In terms of the present disclosure the term “silicone oils and silicone compounds” are understood as ingredients comprising a dimethylsiloxane unit.

However, the use of silicone oils and silicone compounds has been controversially discussed in recent years such that many consumers prefer to use products not containing those compounds.

Further the use of lower alkanes is limited by the cited COSMETICS EUROPE RECOMMENDATION N14 17-09-2018 in lip applications. In principle a conventional makeup remover is not used on the lips such that lower alkanes can be included. However, makeup remover may be used closed to sensitive areas such as the eyes and the lips such that it is generally desirable in the interest of the consumer to avoid using these compounds as well.

The absence of the silicone oils, silicone compounds and lower alkanes adversely affects the properties of two-phase makeup remover. Regarding the separation properties the separation time after mixing is often increased. Further sweating effects are often observed. Further the separated phases become more translucent not allowing a clean and pretty appearance to be maintained over the use cycle of the product. Furthermore, the ability to remove waterproof makeup is generally found to be reduced. In particular it is desirable to avoid sweating and haziness of the formulations 24 hours after shaking/mixing the phases.

Accordingly, it was the objective of the present invention to address, solve and/or reduce the shortfalls of the makeup removers containing no silicone oils and lower alkanes.

It was surprisingly found by the application that the objectives can be met by the present invention.

A first object of the present invention is a two-phase cosmetic cleansing composition, which is not an emulsion, comprising a) An aqueous phase b) An oil phase whereby the oil phase is characterized in that it has an interfacial tension towards water in the range from 22 to 35 mN/m a density in the range from 0.82 to 0.90 g/cm ³ , the oil phase is free from silicone oils and lower alkanes.

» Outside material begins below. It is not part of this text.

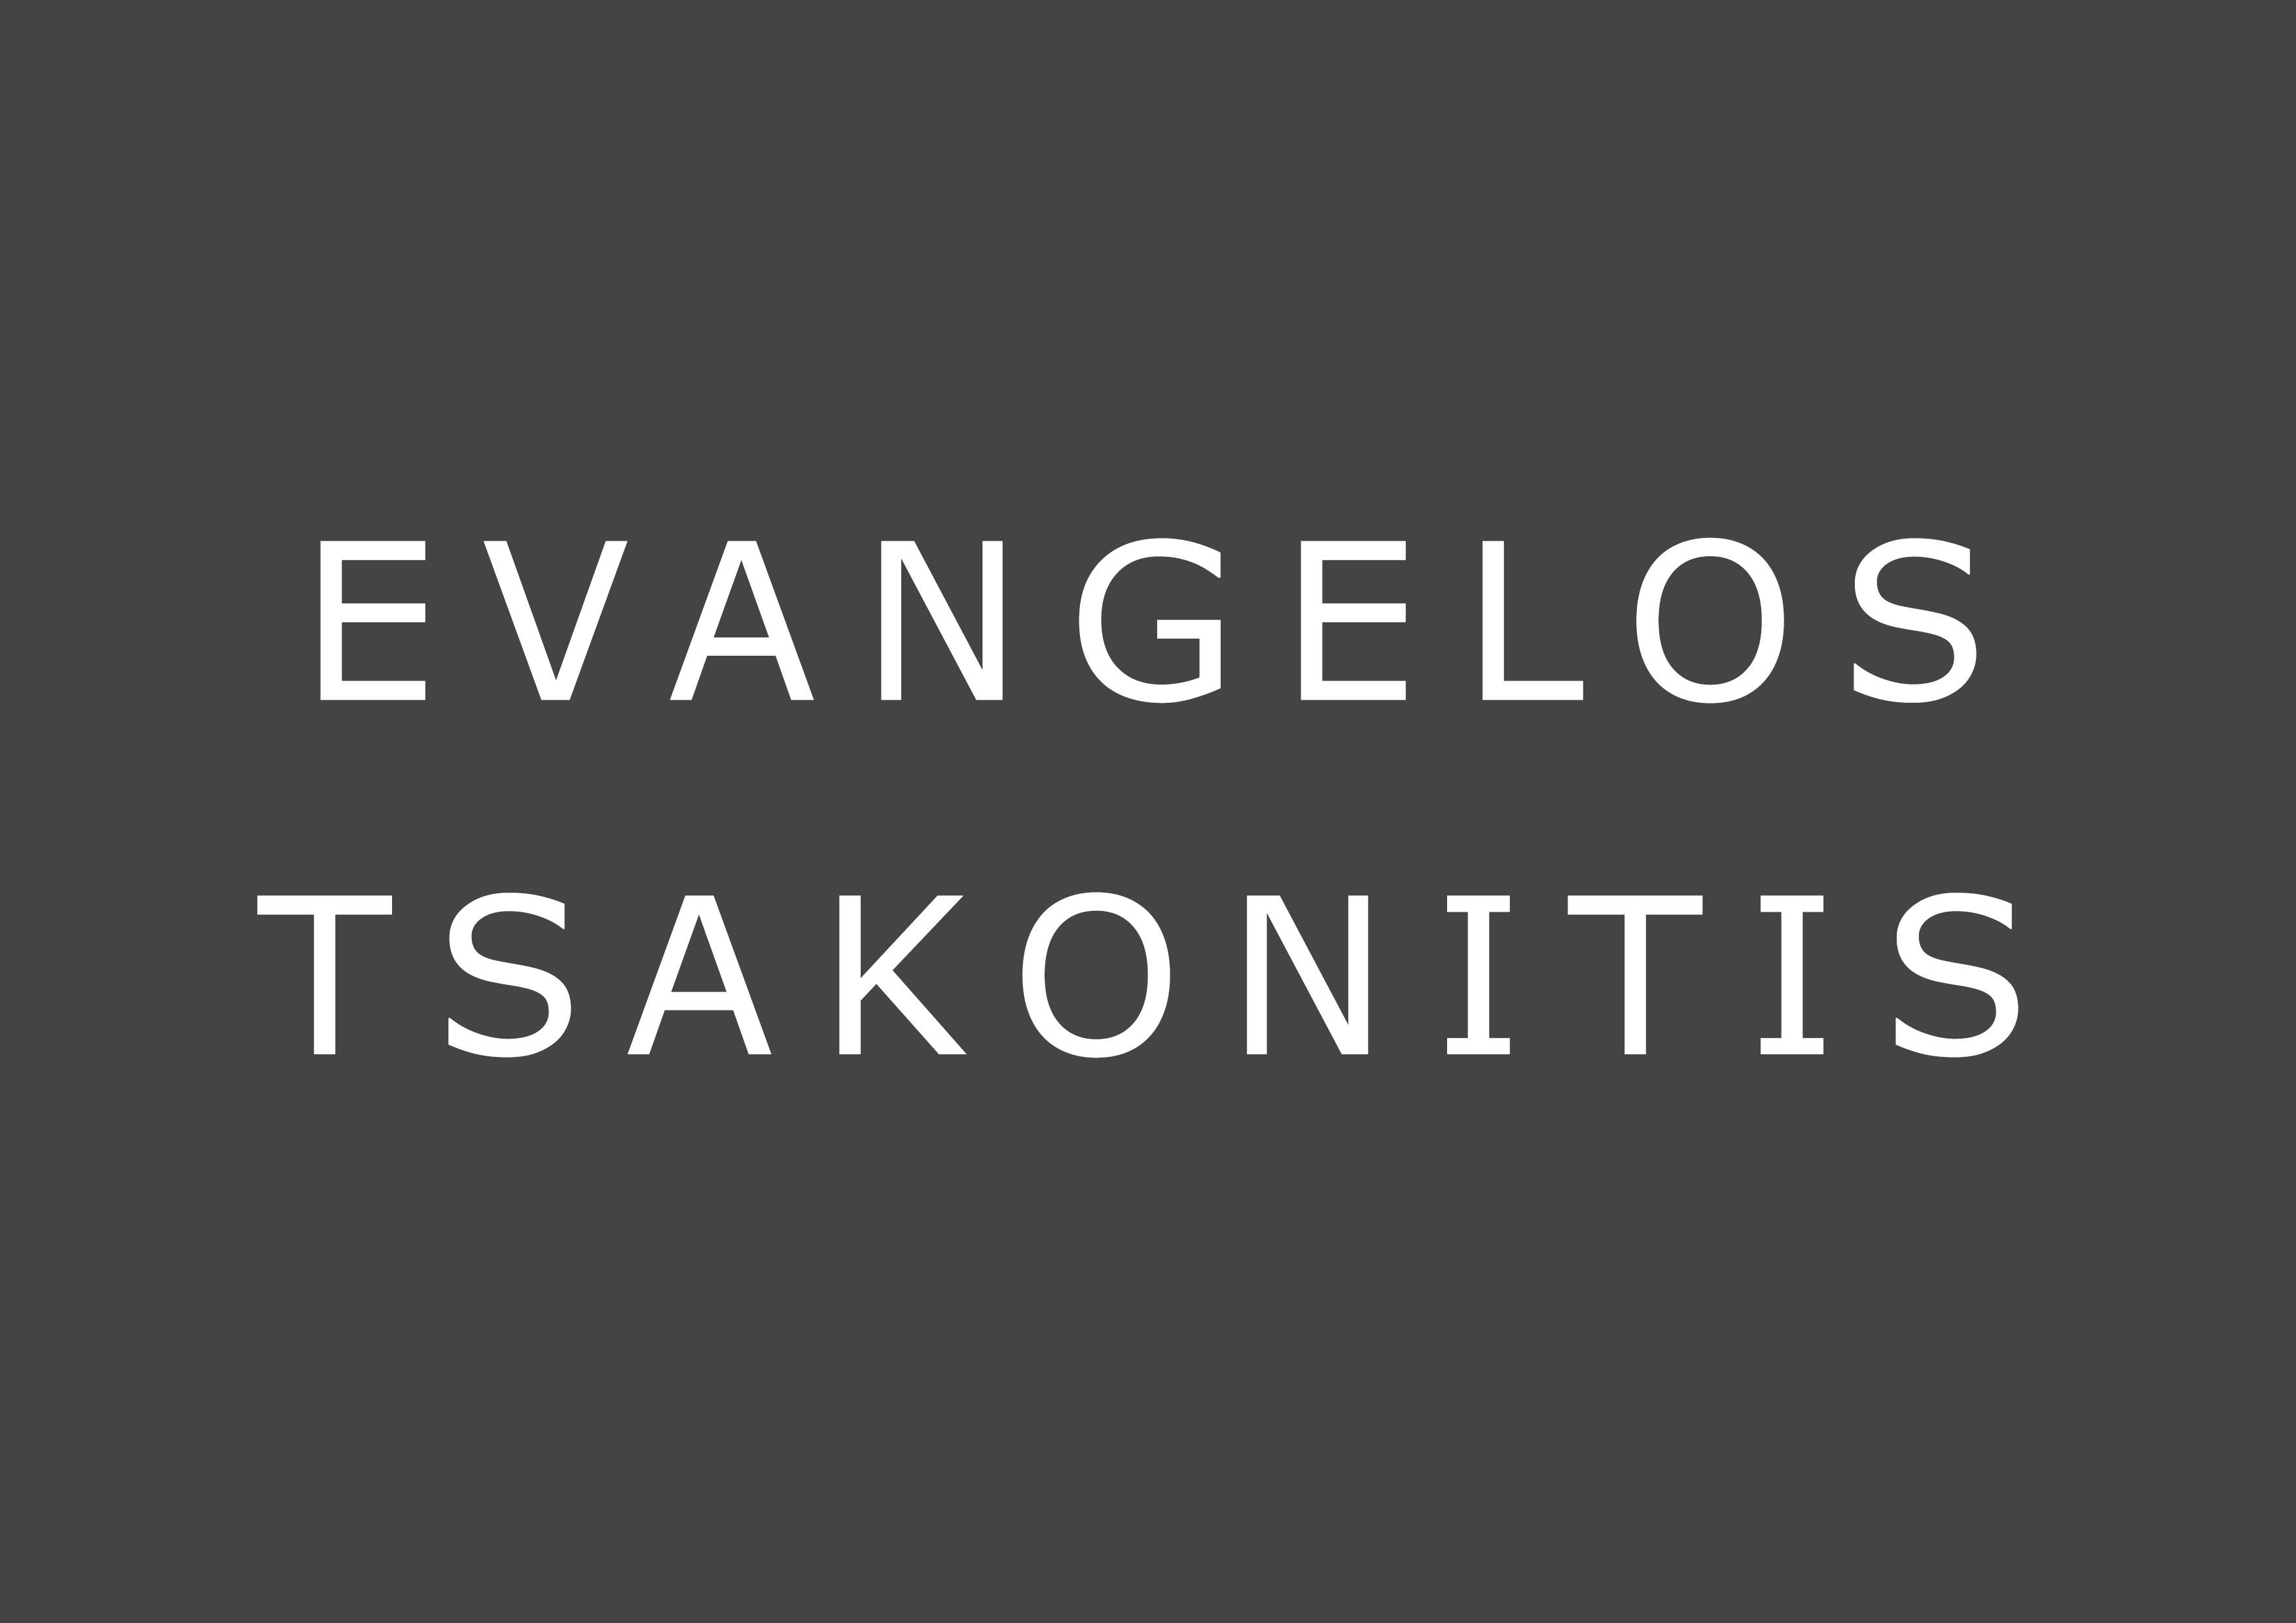 EVANGELOS TSAKONITIS

Another object of the invention is the use of the composition according to the invention to remove makeup from the human skin.

It was surprisingly noticed that applying the subject matter of the invention sweating and . Accordingly, the objectives of the present invention are solved.

All the weight percentages (% by weight) given below relate, unless otherwise stated, to the total weight of the cosmetic composition. If ratios of certain components are disclosed in the following description, these ratios refer, unless otherwise stated, to weight ratios of the components.

Unless otherwise stated, all tests and measurements were performed under “normal conditions”. The term "normal conditions" refers to 20°C, 1013 hPa and a relative humidity of 60.

To define if an oil is a lower alkane, the following standardized methods are applied:

Kinematic viscosity at 100°C:

ASTM D-445-21 , published 15.05.2021

Carbon number at 5% boiling point:

The specification “carbon number > 25 at the 5 % boiling point" means there is not more than 5 % of hydrocarbons with a chain length less than 25. It can be determined by Gas Chromatography. A standard method is ASTM D 6352-19e1 published 01 .12.2019

Molecular weight:

The mean molecular weight can be determined from the kinematic viscosity of the oil. A standard protocol can be found in ASTM D2502-14(2019)e1 publised 01.05.2019.

To define if a wax is a lower alkane, the following standardized methods are applied:

Viscosity at 100°C: The same method as for oils (ASTM D-445) can also be used for waxes. If the material is not totally soluble in the normalized solvent of the method, the viscosity at 100°C may be obtained by extrapolation from measurements performed at 120°C, 130°C and 150°C.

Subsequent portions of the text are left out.